Museum Exhibit Musings -- What Women Built
I was speaking with one of the Galt volunteers yesterday and she said what she loves about doing history is being a detective – searching for the facts, pictures and stories you need. I agree. There is great fun in hunting down something, especially something you’ve been looking for a very long time.
But as much as we sometimes hunt down information, I think sometimes information is also waiting out there to pounce on us because often you find exactly what you’re not looking for but need.
Such was the case last night when I was researching on health laws in Alberta and came across a great write-up on the Van Haarlem Hospital. So far I had overlooked the growth of private hospitals in 1906-1913.

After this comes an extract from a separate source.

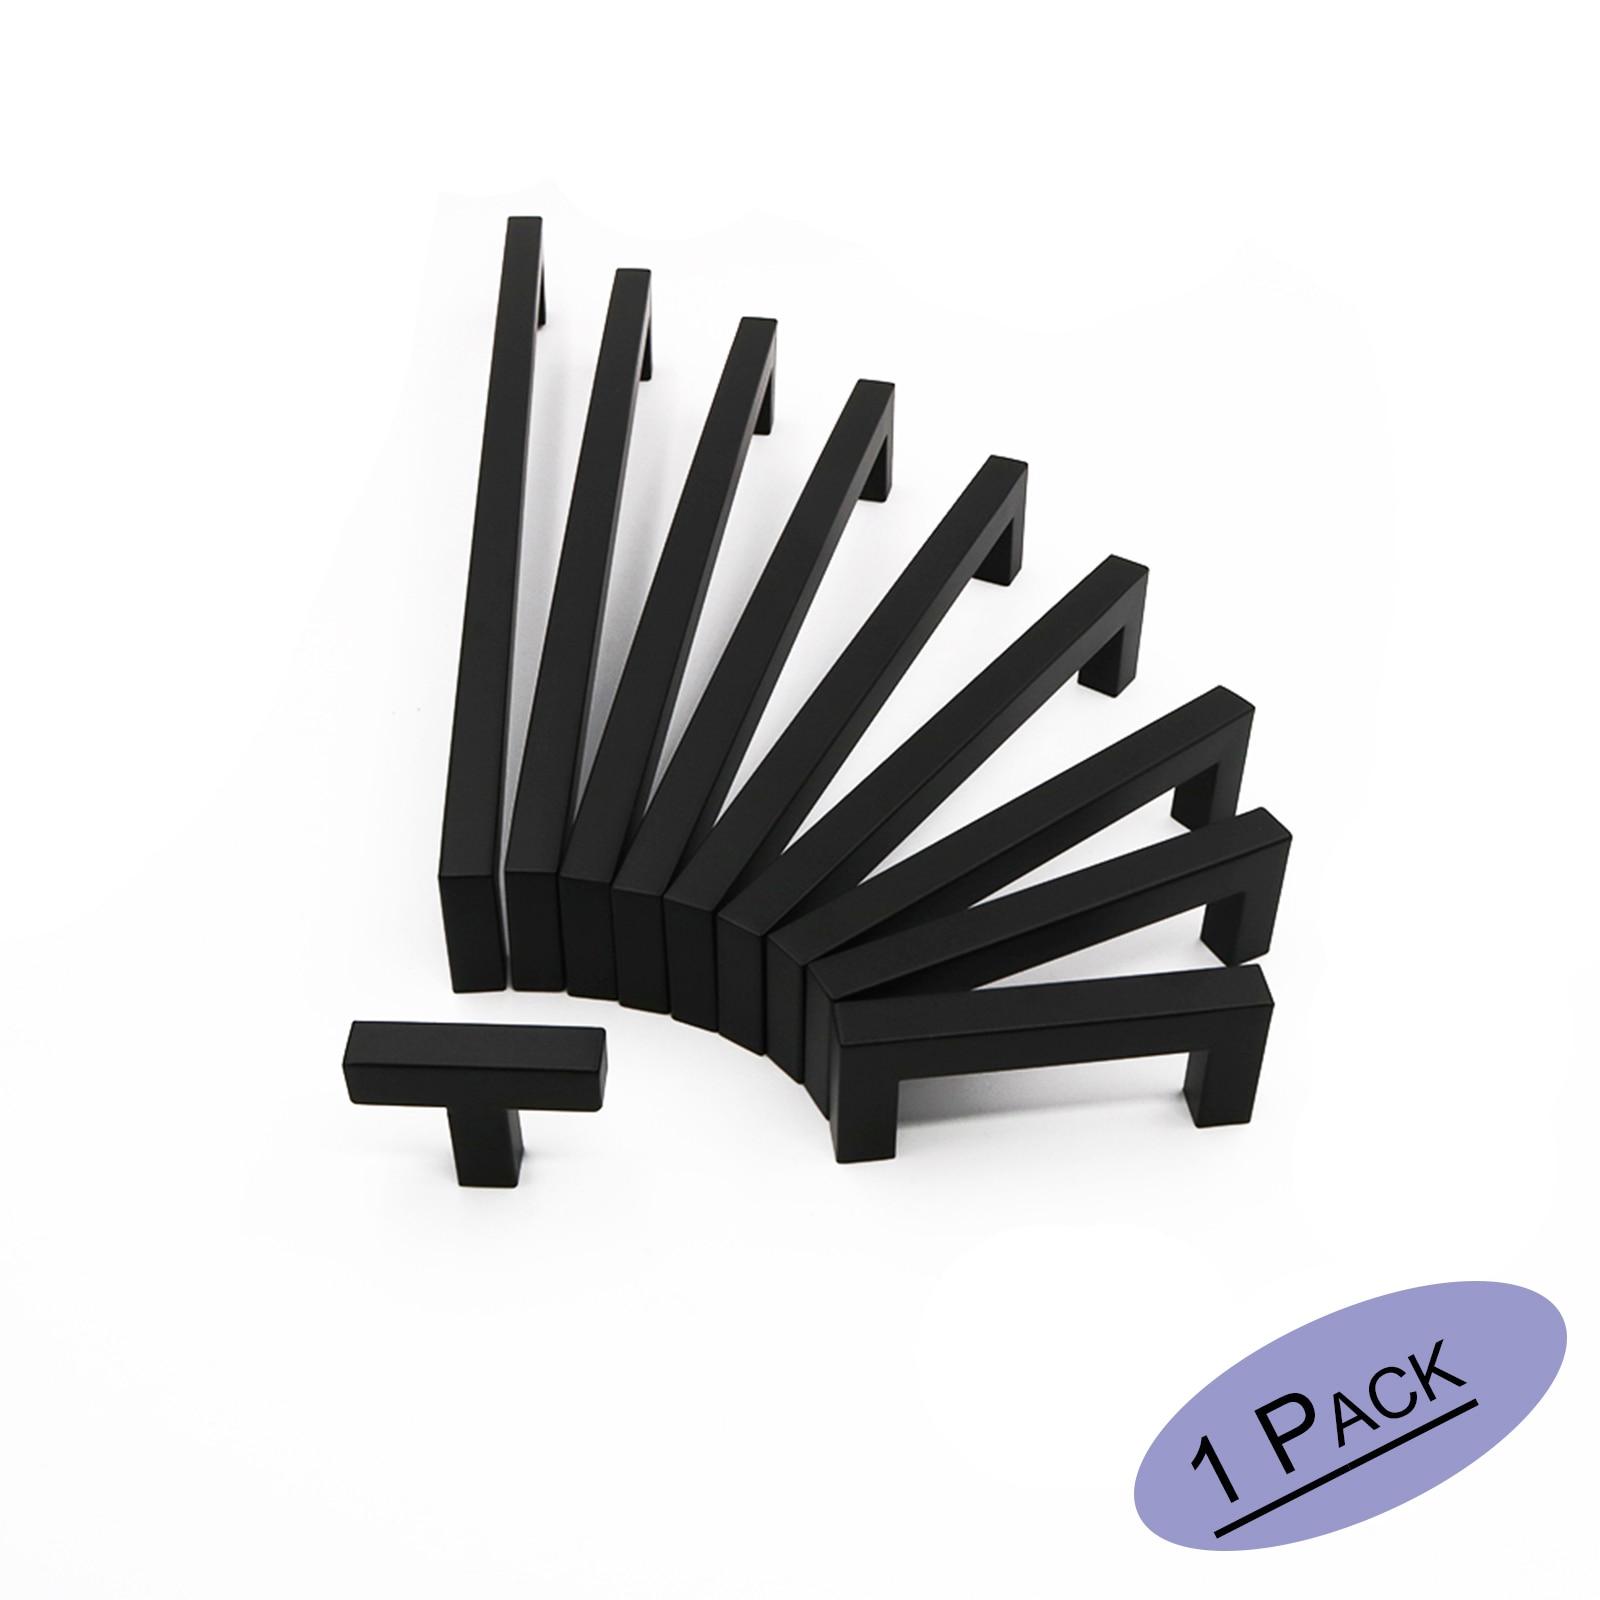 Black Cabinet Handle Stainless Steel Hi12mm*12mm Square Bar Cupboard Pull Kitchen CLoset Drawer Door Knob 3.75

The Van Haarlem Hospital started in 1910. Like other hospitals both in Lethbridge and across Alberta, the Van Haarlem was started by an individual nurse. In this case, it was Marie Elizabeth Van Haarlem. The hospital became so successful that it was eventually taken over by the Sisters of St. Martha as St. Michaels Hospital in 1929. The Van Haarlem Hospital building is still standing on 7th Avenue South. Elizabeth Van Haarlem became a school nurse when she sold the hospital. Over 2000 babies were born in the Van Haarlem Hospital.
The Van Haarlem wasn’t the only private hospital opened in Lethbridge during this time. Grace Dainty opened a private maternity hospital in north Lethbridge in 1909. This hospital was transformed into a general hospital during the epidemic of 1918 and then closed in 1923. Grace Dainty went on to become the first public health nurse in Lethbridge.
Additionally, Mrs. E.M. Blue and other midwives worked in Lethbridge starting around 1909. These midwives would open up a room in their houses for expectant mothers.
It is also in this time period that the Isolation Hospital started. In 1911 Mildred Dobbs took over its operations. She worked 39 years at the hospital nursing up to 4 different contagious diseases at once without ever having a case of a patient acquiring another disease while in the hospital.
Certainly that these places all started around the same time is linked to the astonishing population growth at that time. But does it also say something about the role of nurses in these communities? Does the fact that the maternity hospitals were separate from the general hospitals tell us something about how our “treatment” of pregnancy has changed? Or does it just remind us of what pioneer women were capable of and what was built by women?